#### Exercise
Could you reproduce, word for word, everything below from the line containing "KARSLTAD dvivietės sofos" down to the line containing "Valerie Lehabe", with both of those lines included and no others?

#### Supplied records

□ □ □ □ □

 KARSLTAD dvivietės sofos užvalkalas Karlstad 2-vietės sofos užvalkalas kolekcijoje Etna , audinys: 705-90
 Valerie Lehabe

□ □ □ □ □

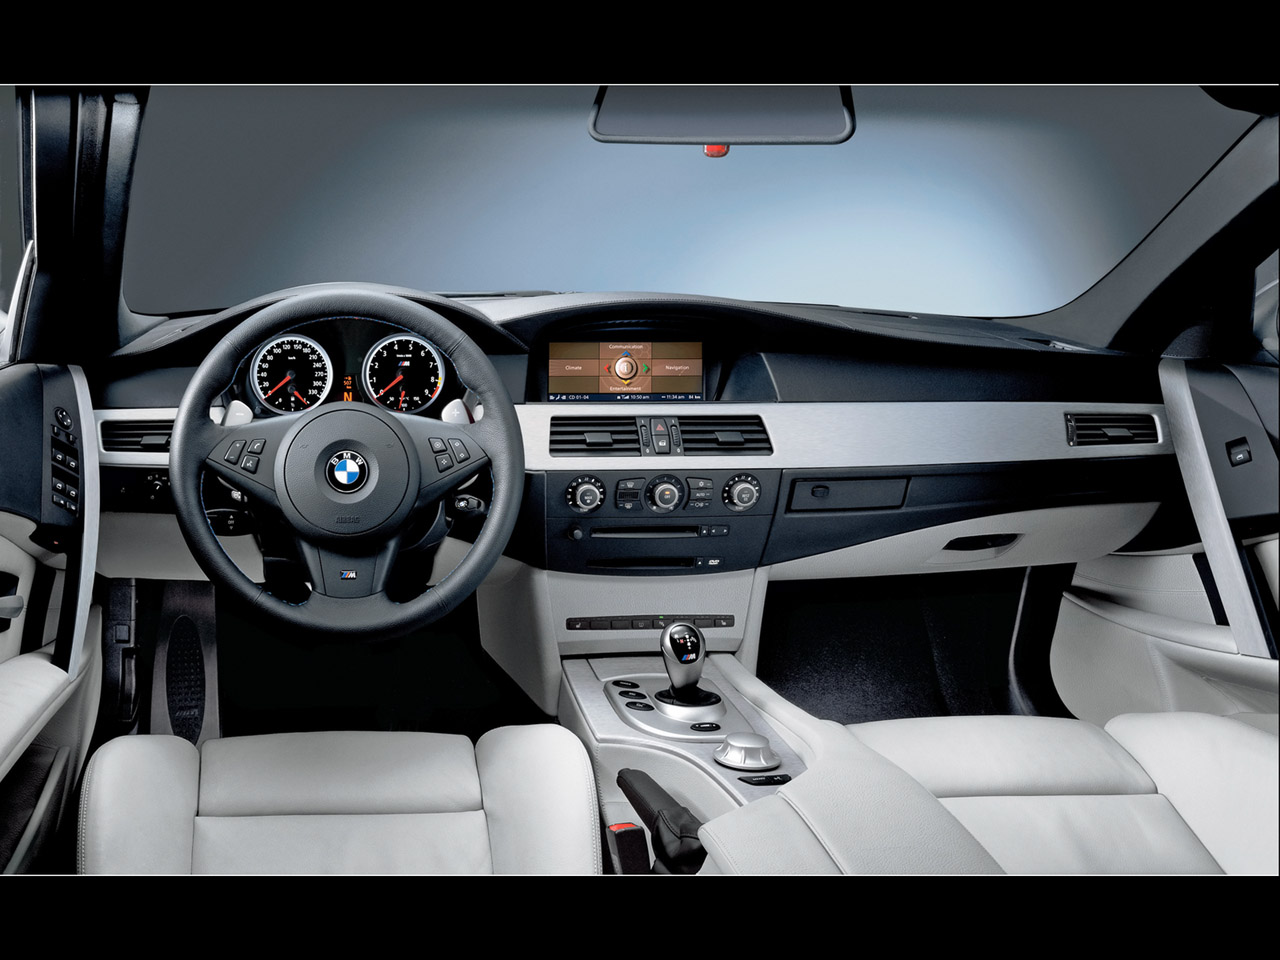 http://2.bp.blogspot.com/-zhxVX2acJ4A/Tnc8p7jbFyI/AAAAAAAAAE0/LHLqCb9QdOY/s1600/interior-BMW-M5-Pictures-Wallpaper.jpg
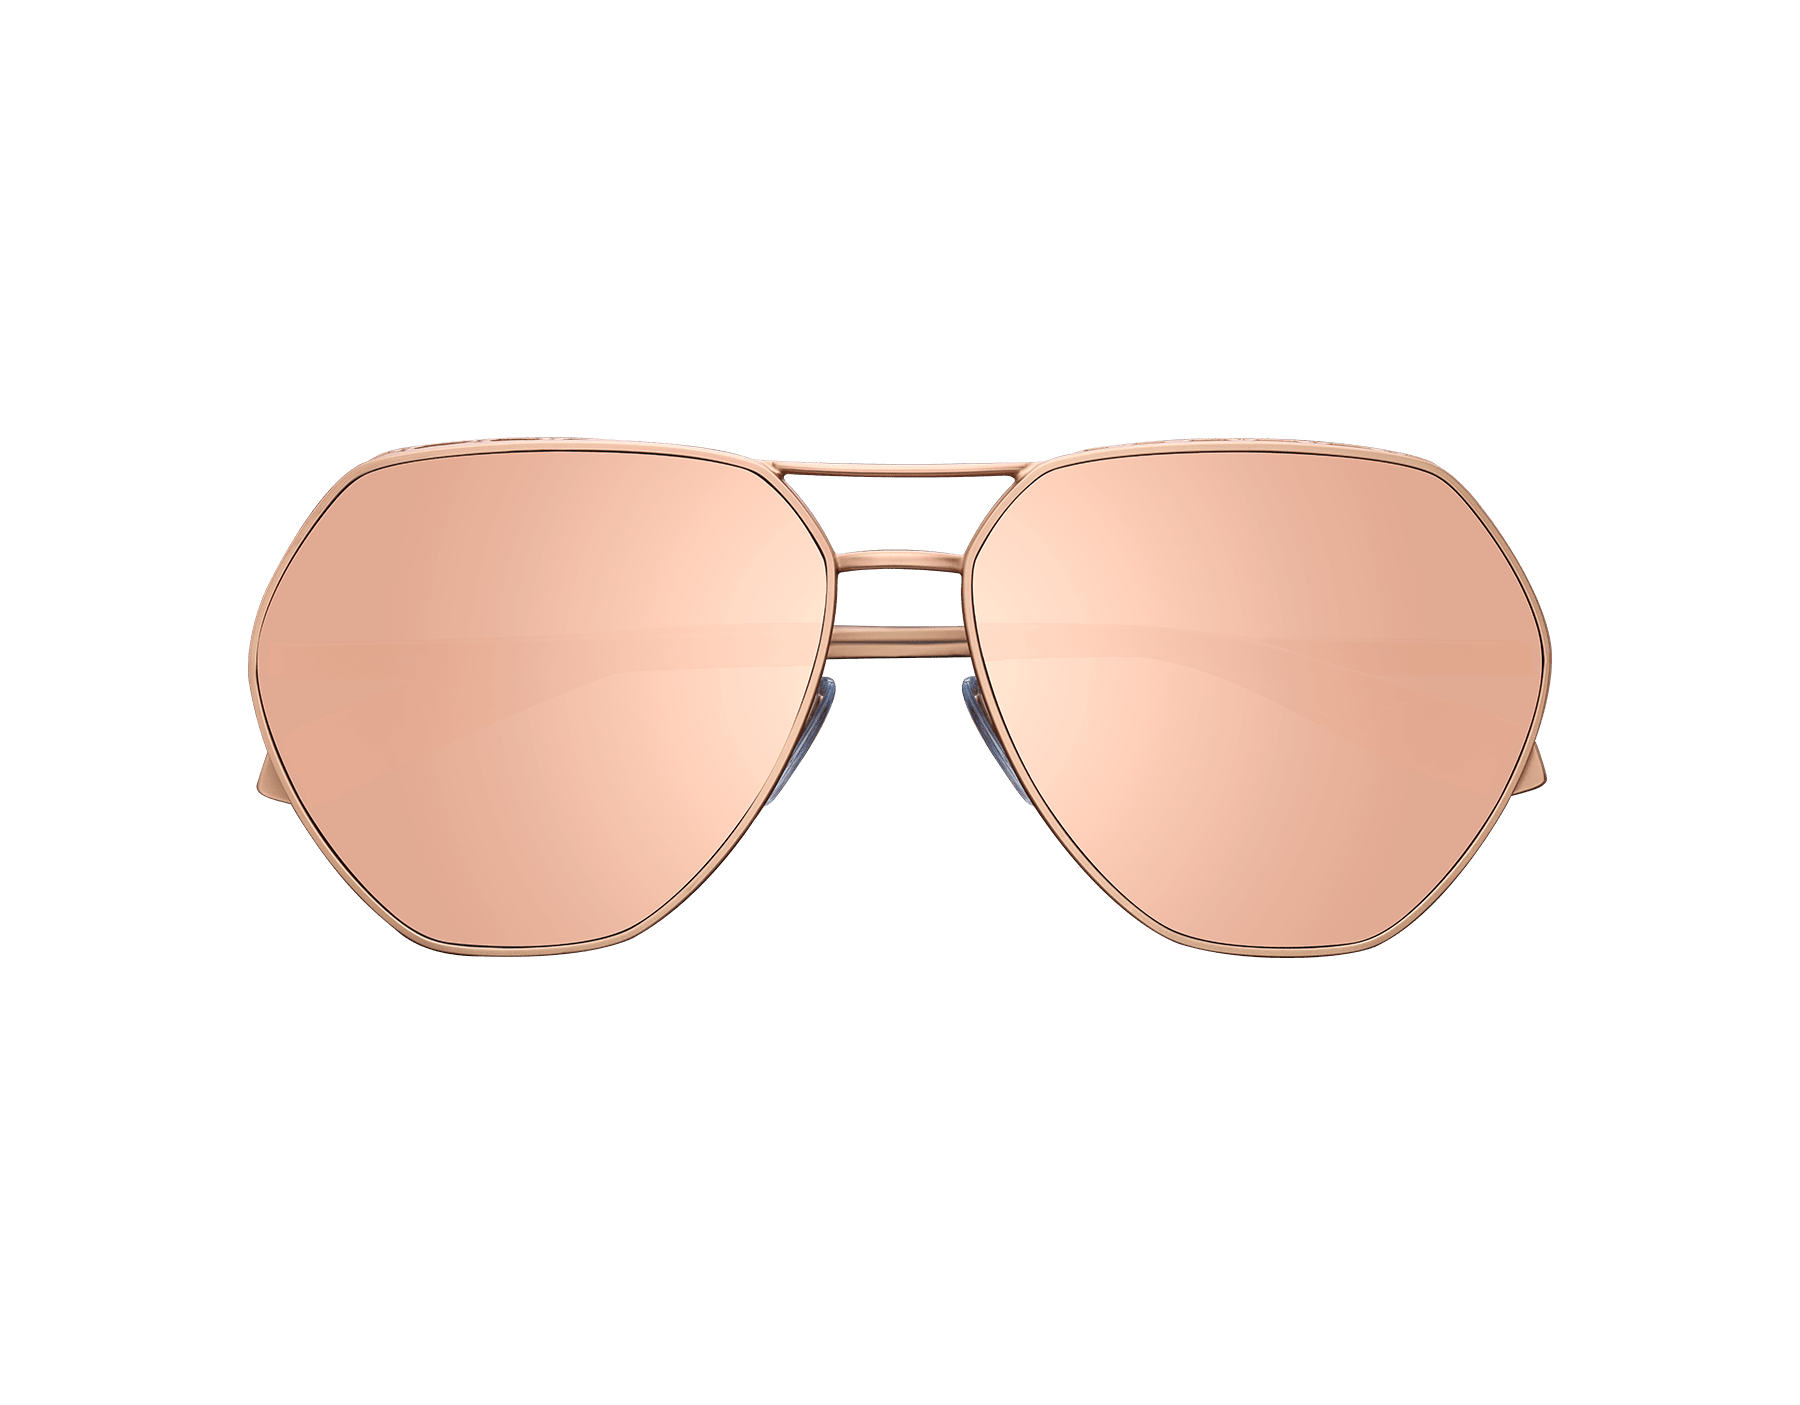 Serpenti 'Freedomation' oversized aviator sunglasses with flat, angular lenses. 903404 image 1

□ □ □ □ □

#### Answer space
 KARSLTAD dvivietės sofos užvalkalas Karlstad 2-vietės sofos užvalkalas kolekcijoje Etna , audinys: 705-90
 Valerie Lehabe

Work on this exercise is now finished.